## Your instructions
Find "Bearbeitbares Vektor-Illustration eine" in the listing below, then set down only that line and each later line, unchanged, leaving out pictures.

## Information shown
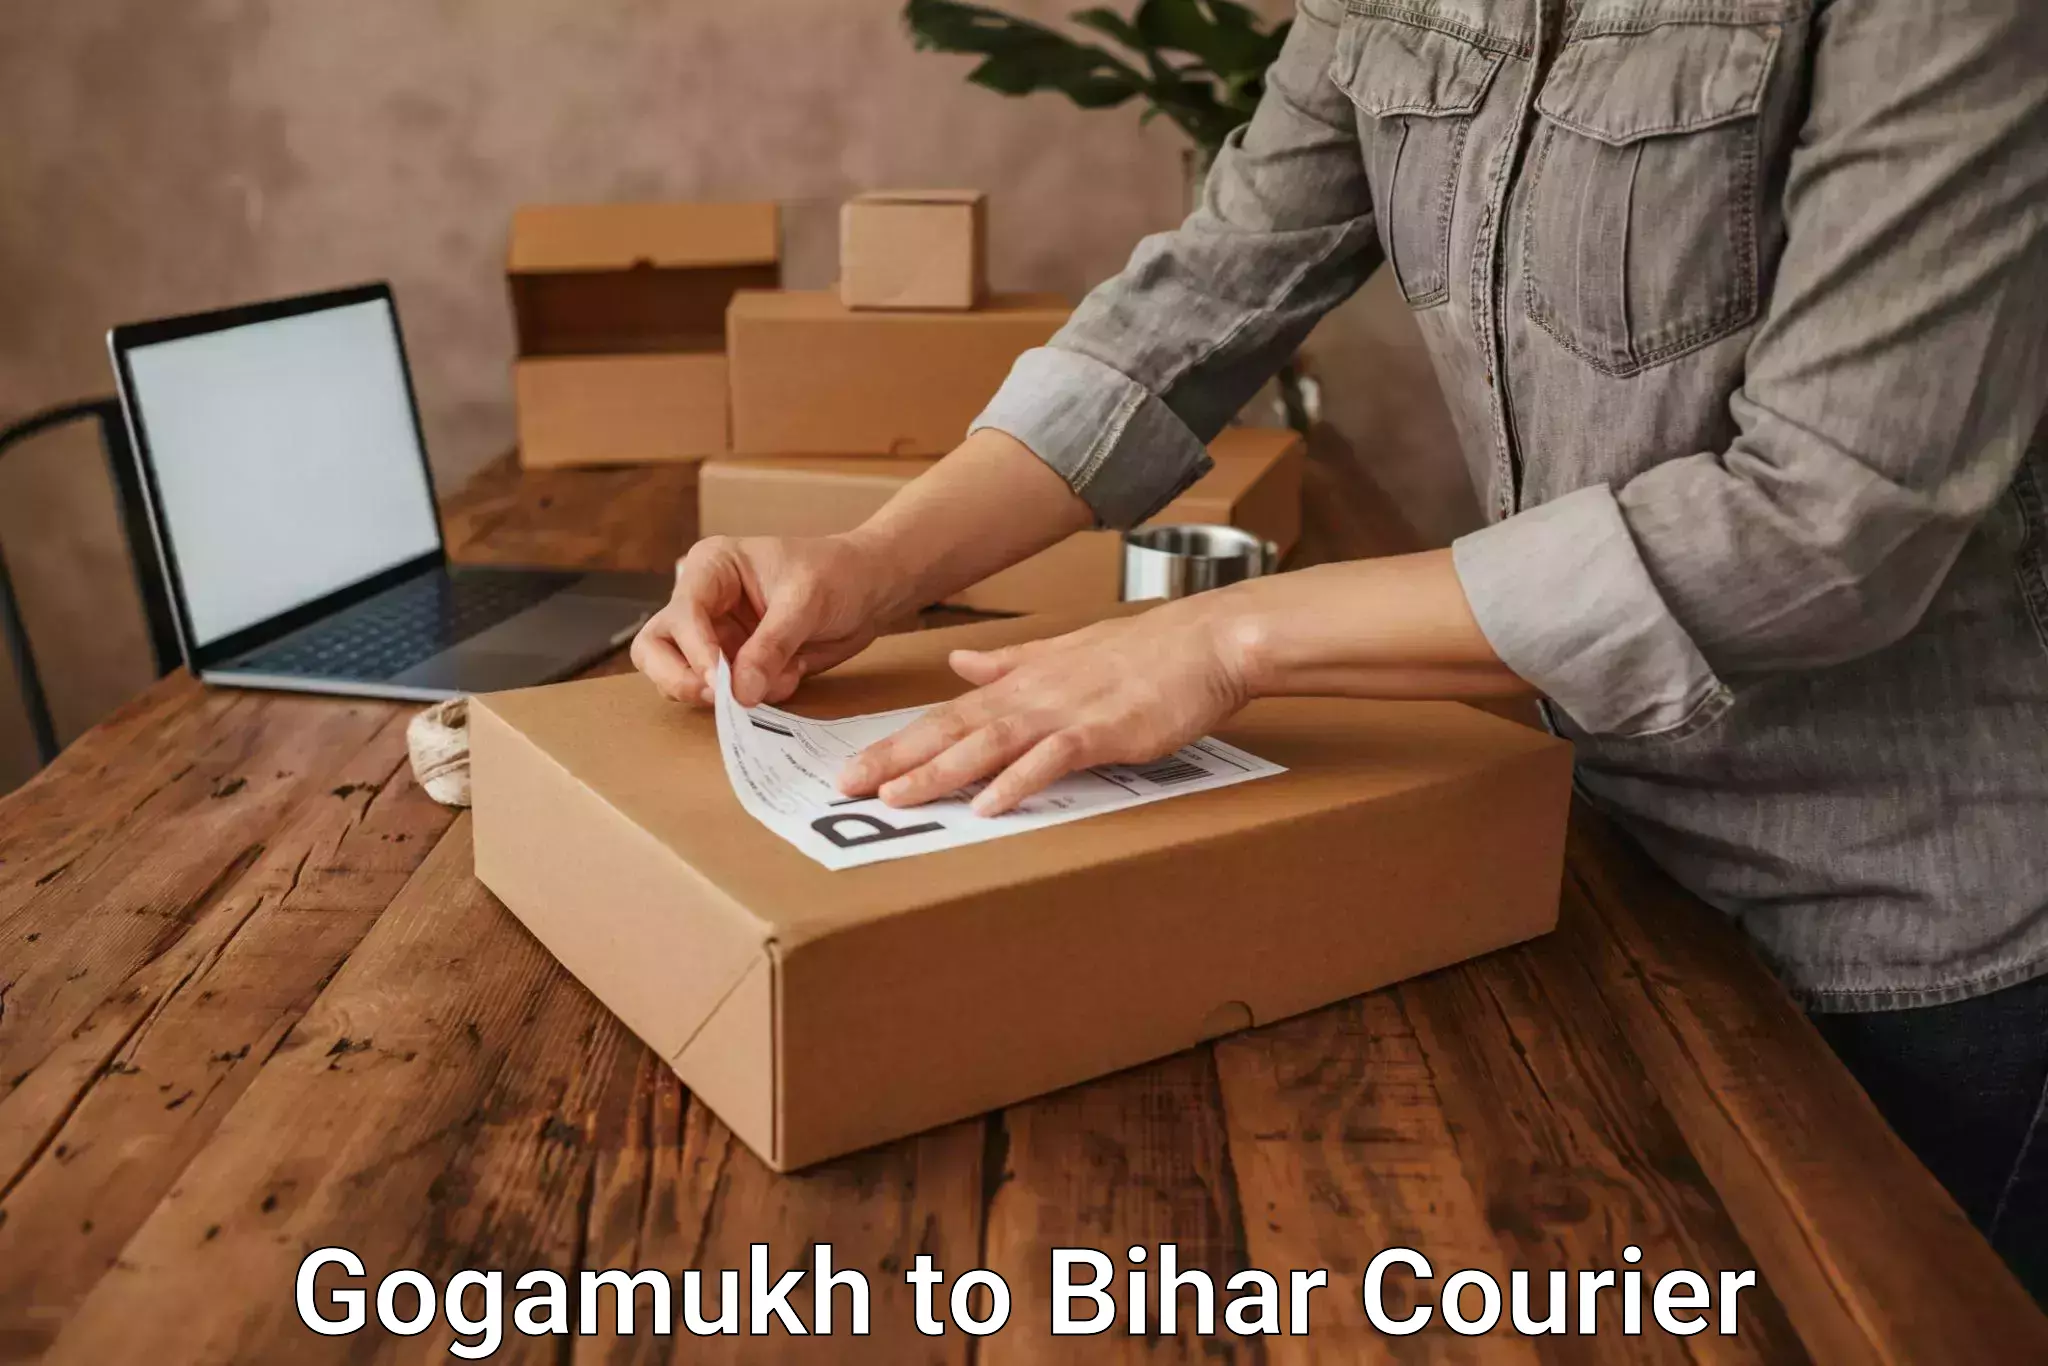 Expedited shipping methods Gogamukh to Biraul
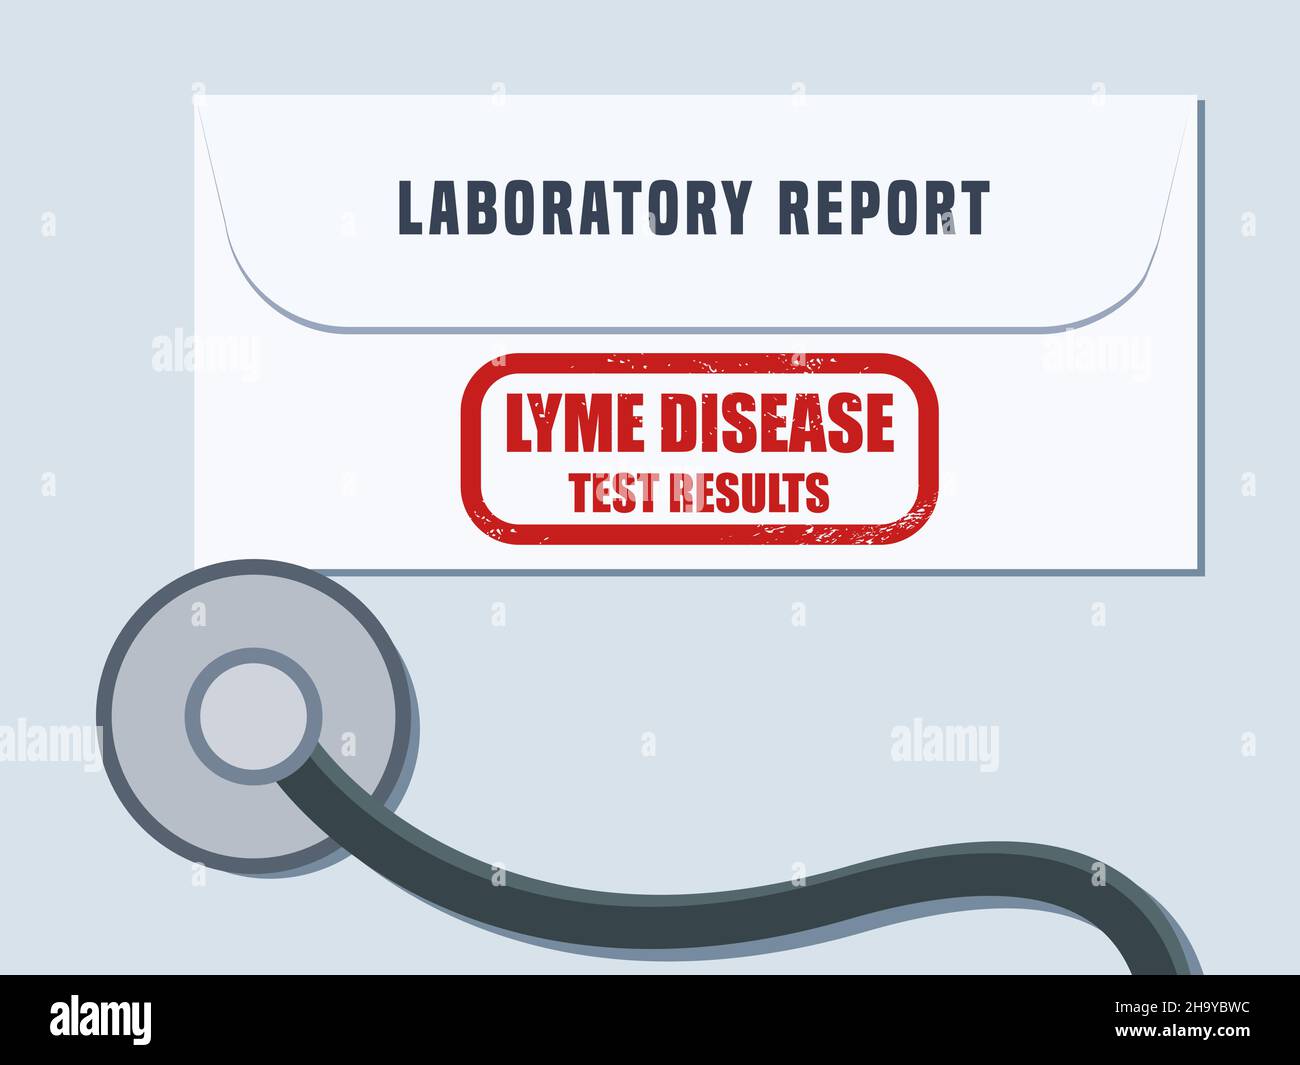 Lyme-Borreliose Bluttest Ergebnisse Umschlag. Medizinischer Laborbericht zum Gesundheits-Screening - Vektordarstellung. Stock Vektor
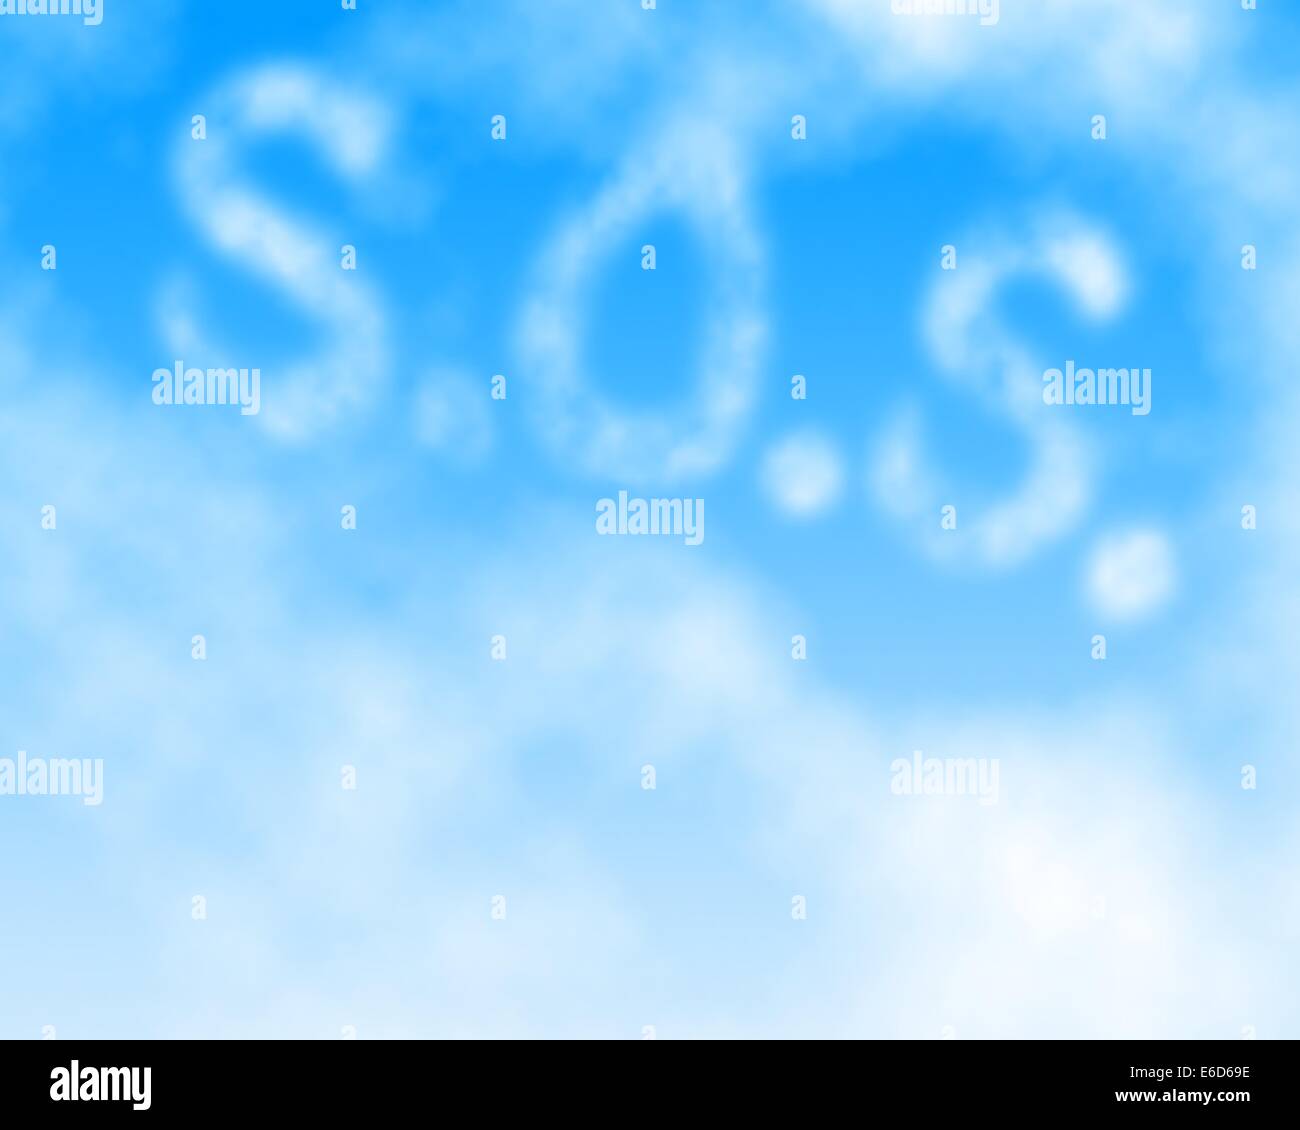 Bearbeitbares Vektor-Illustration eine SOS-Nachricht geschrieben am Himmel ein Verlaufsgitter hergestellt Stock Vektor
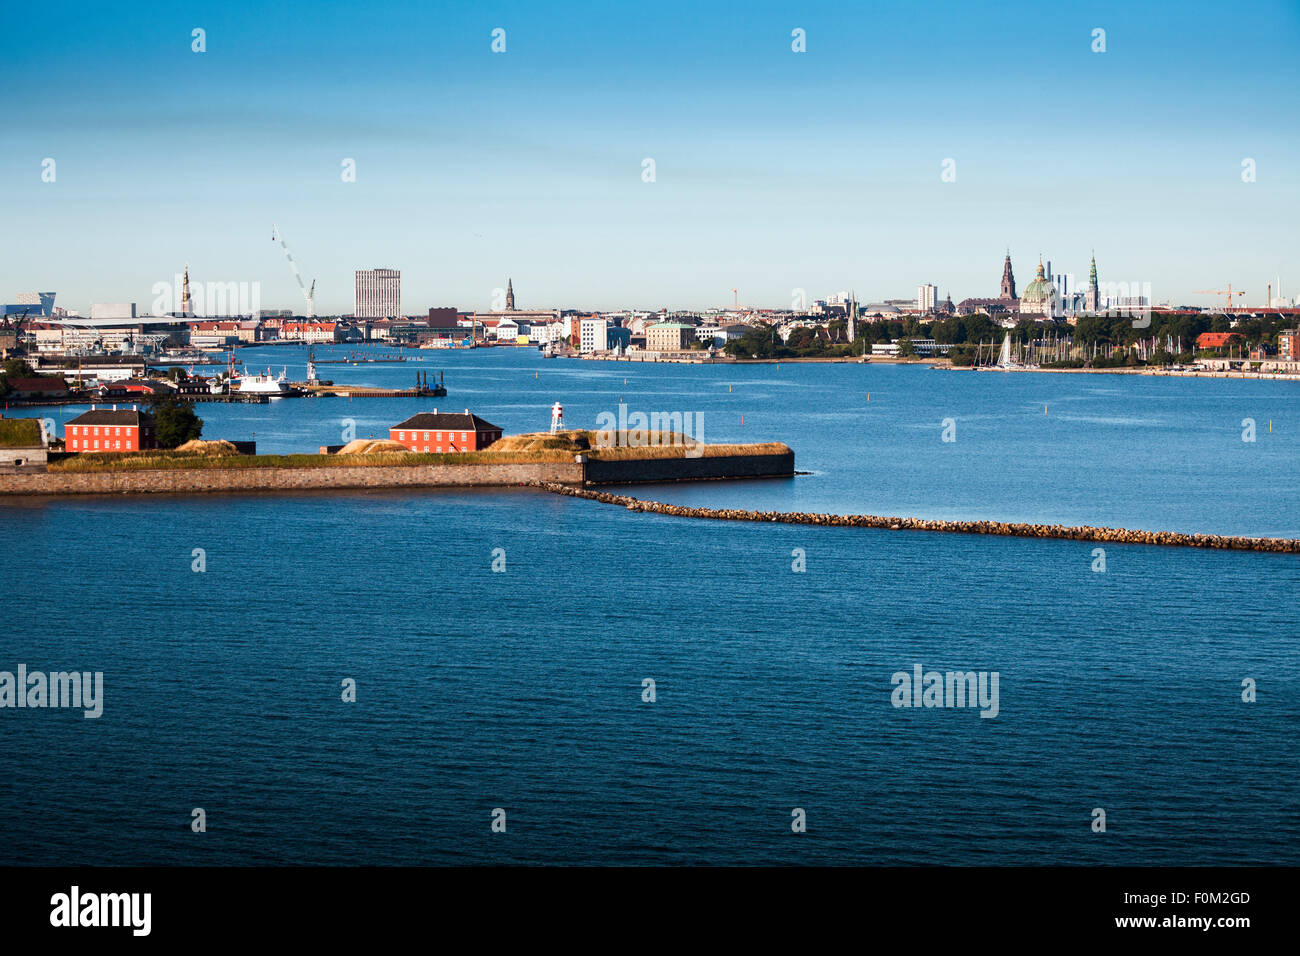 Skyline of Copenhagen, Denmark Stock Photo

## Answer to this task
 Bearbeitbares Vektor-Illustration eine SOS-Nachricht geschrieben am Himmel ein Verlaufsgitter hergestellt Stock Vektor
 Skyline of Copenhagen, Denmark Stock Photo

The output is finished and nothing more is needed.